Pandeli Sotiri (1842–1892) was a teacher who acted as director of the first Albanian school of modern times in Korçë. Sotiri was one of the most important Rilindas figures that contributed in the propagation of the Albanian language. He also worked on one of the versions of the Albanian alphabet. The Congress of Monastir based Albanian's alphabet mostly on Sotiri's precedent work.

==Biography==

Sotiri was born in 1843 in the village of Selckë in the Lunxhëri region, Janina Vilayet of Ottoman Empire (now Pogon municipality, Gjirokastër District, Albania) . Along with Petro Nini Luarasi he was an alumnus at the Greek teacher seminary in Qestorati, Gjirokastër, where Koto Hoxhi secretly taught in Albanian and inculcated Albanian nationalistic ideals to his students.

Sotiri was part of the Central Committee for Defending Albanian Rights created in Istanbul in 1877, and its branch Society for the Publication of Albanian Writings (Shoqëri e të shtypurit shkronjavet shqip), Istanbul, 12 October 1879.

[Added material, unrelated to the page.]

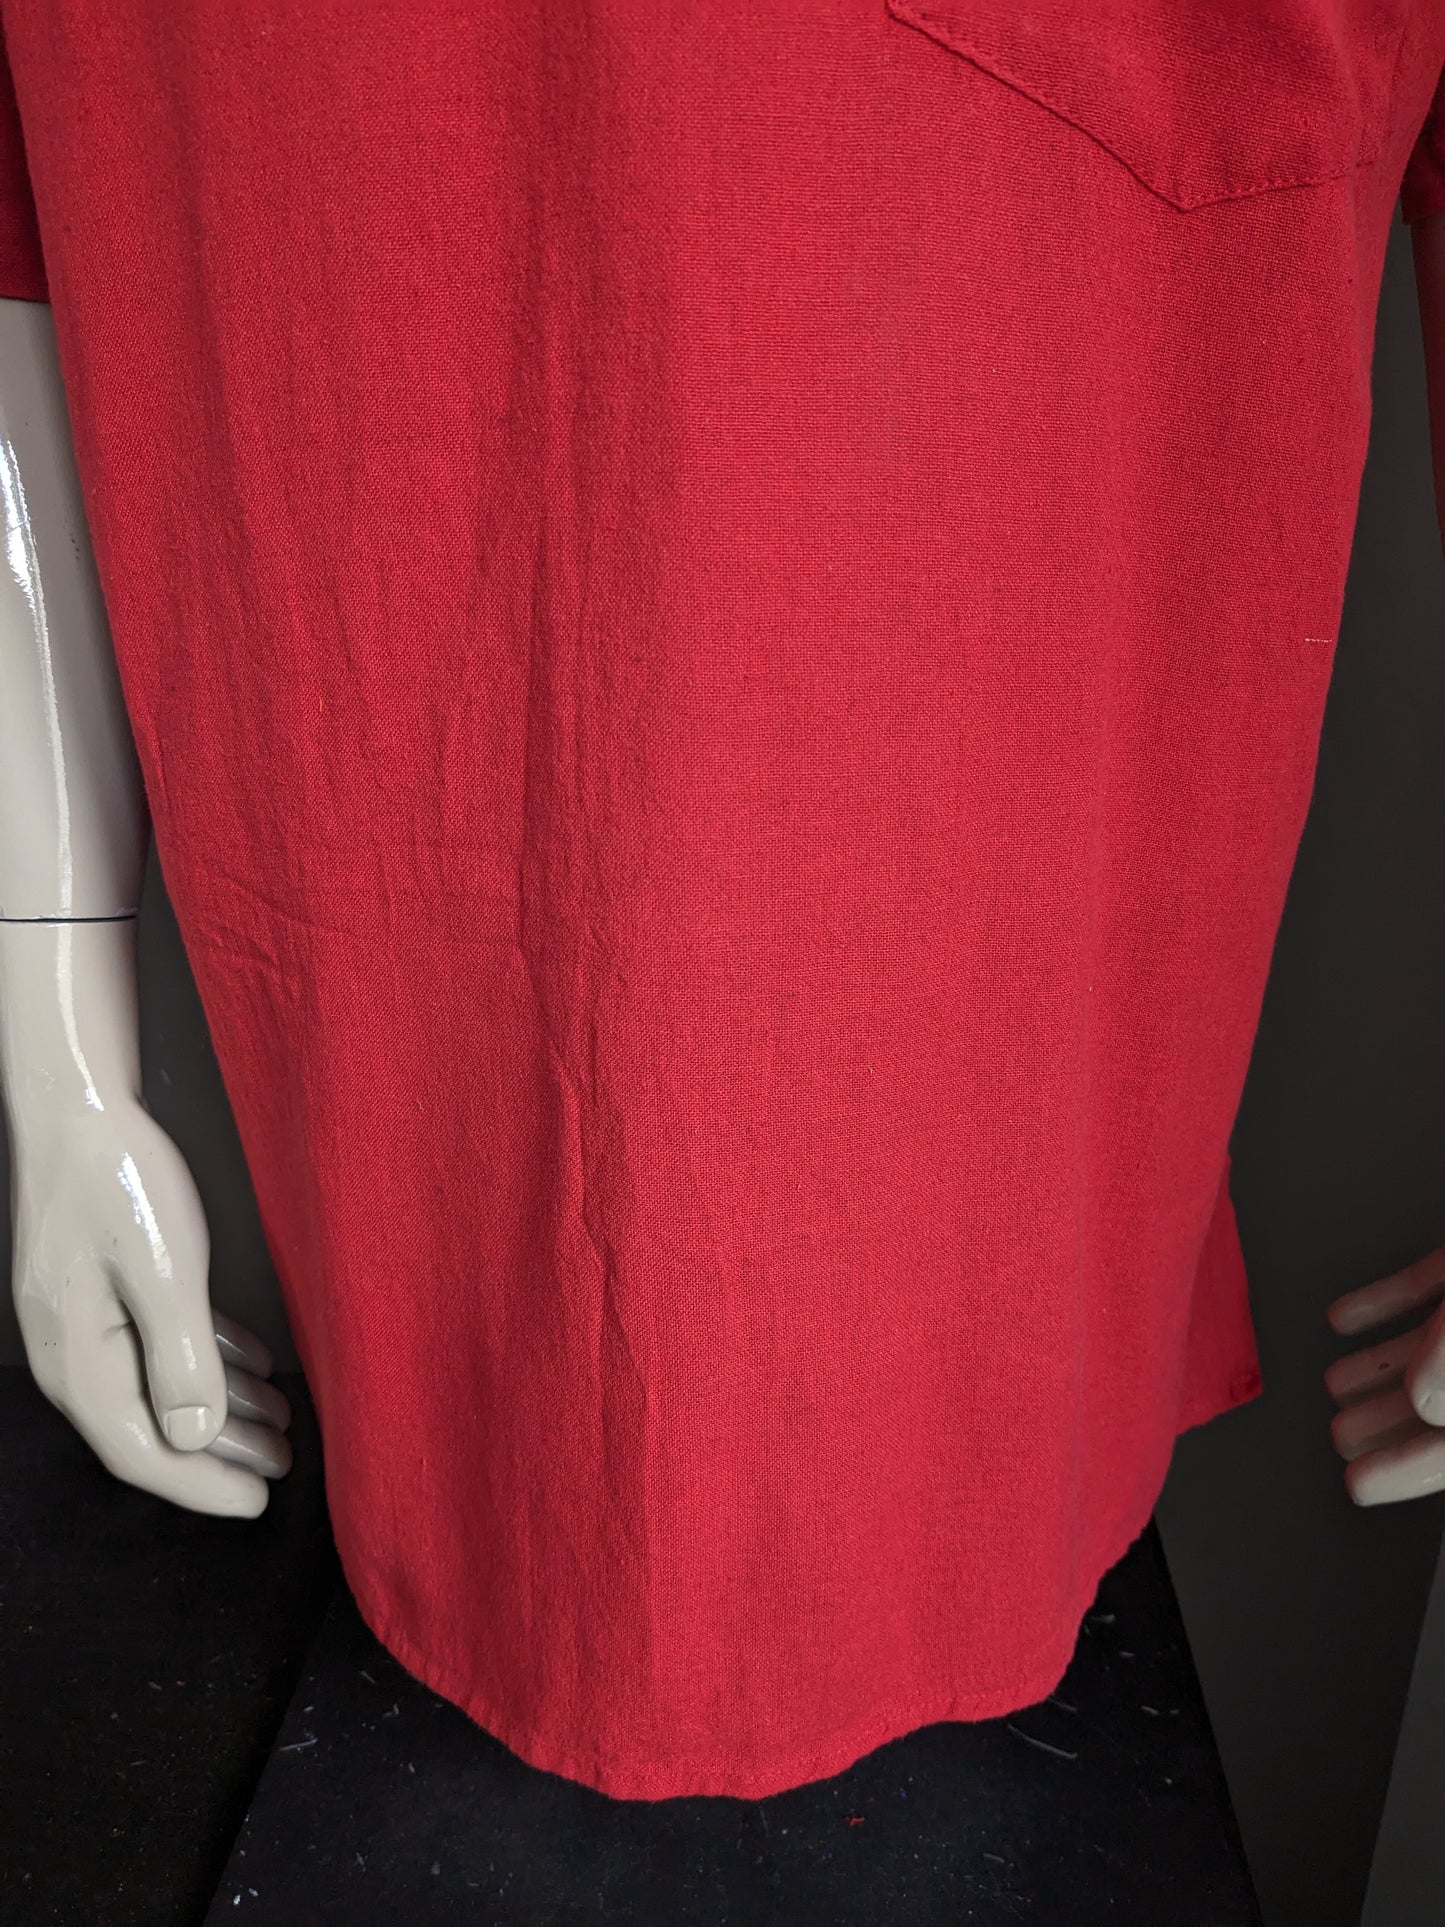 Camicia vintage couleurs du monde con mao / agricoltore / colletto in piedi e 1 borsa. Rosso colorato. Dimensione 2xl / xxl.

In 1884 he took over the publishing of the first magazine entirely written in Albanian, the magazine Drita, which had first been published by Petro Poga. However Sotiri had to issue a new permit and to change the name of the magazine into Dituria (meaning "knowledge" in English).

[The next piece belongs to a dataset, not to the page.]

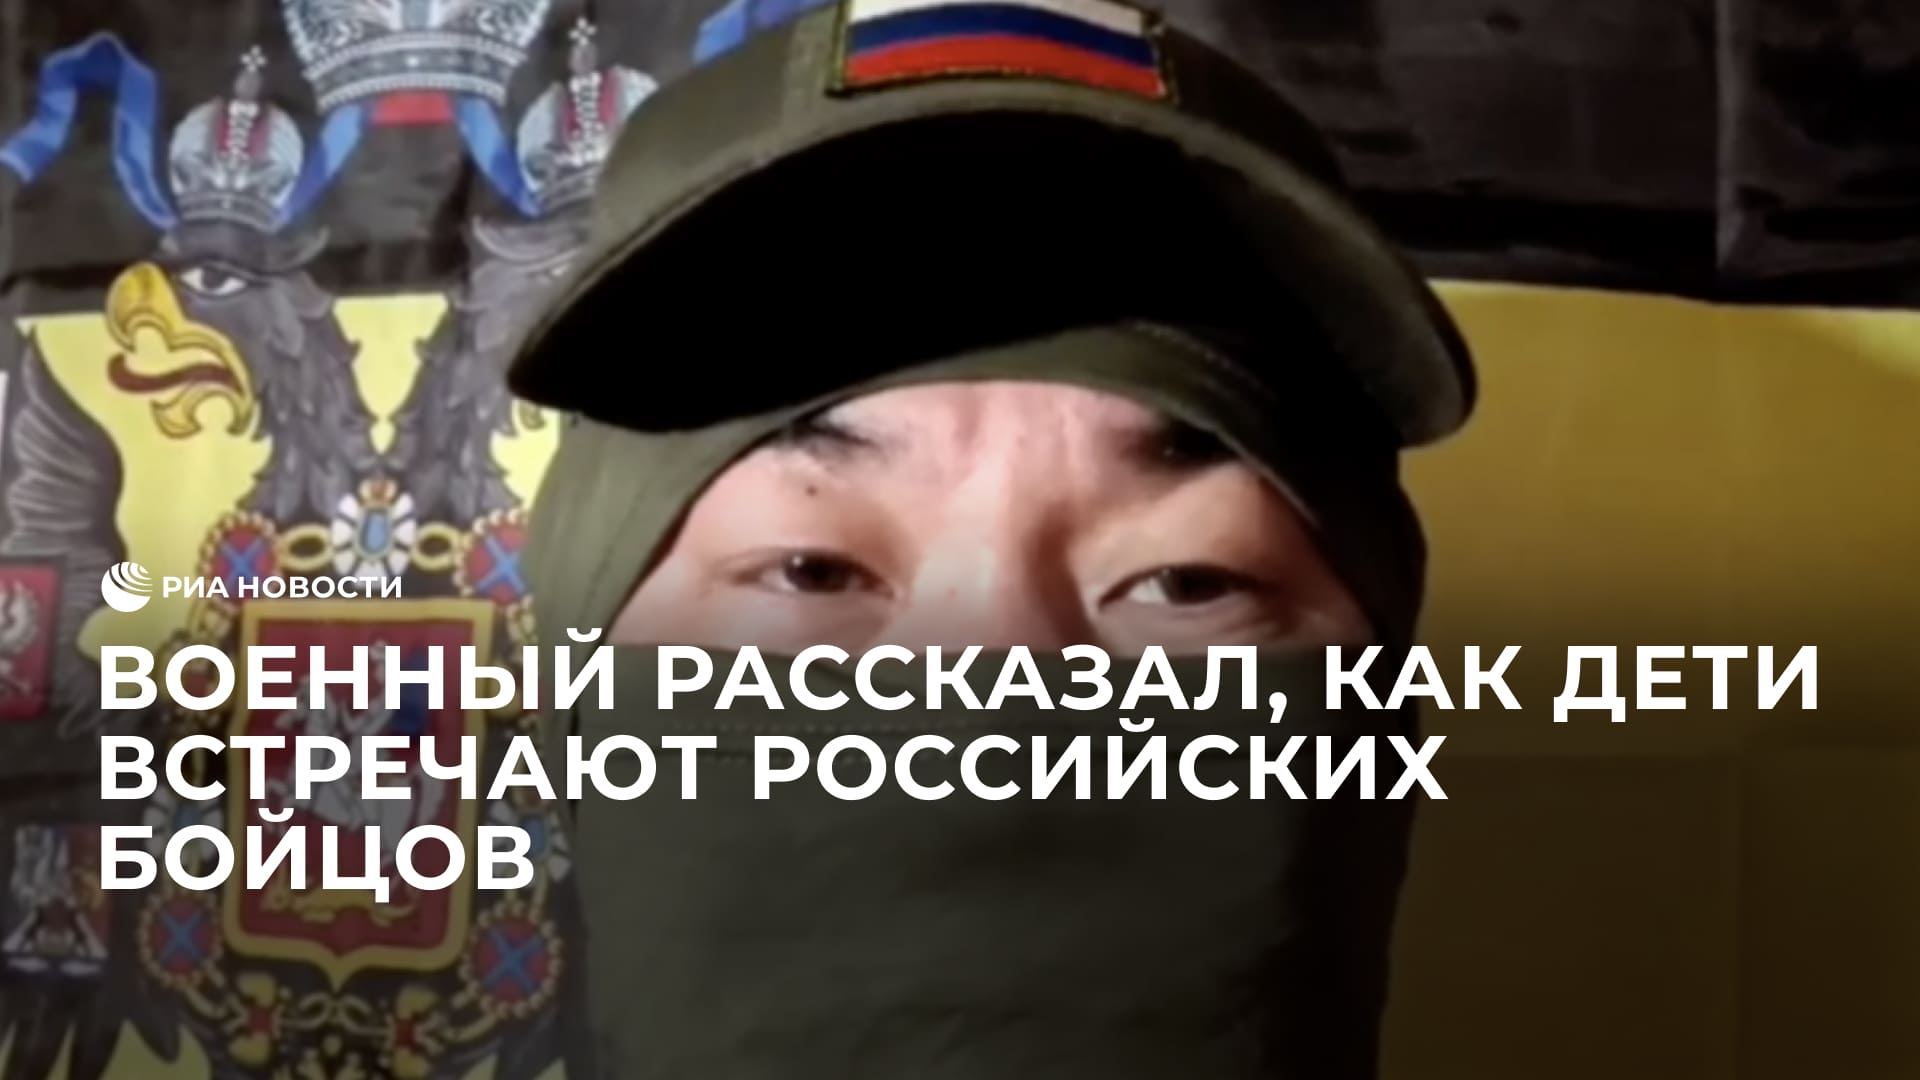 Военный рассказал, как дети встречают российских бойцов

In early 1887 Sotiri was issued the permit to open the first Albanian school of modern times in Korçë. On March 7, 1887 the school (Mësonjëtorja) opened in the building offered by the Terpo brothers, an Albanian patriotic family.

He had married a Greek woman, the niece of an archbishop of the Greek Orthodox Church and had to leave the city for Greece that same year. As a result, the Mësonjëtorja was left in the hands of Thanas Sina and Petro Nini Luarasi.

Sotiri died in 1892 allegedly killed by Greek Orthodox fanatics who threw him from the third floor of his apartment in Thessaloniki, Greece, with his wife and father-in-law being the organizers.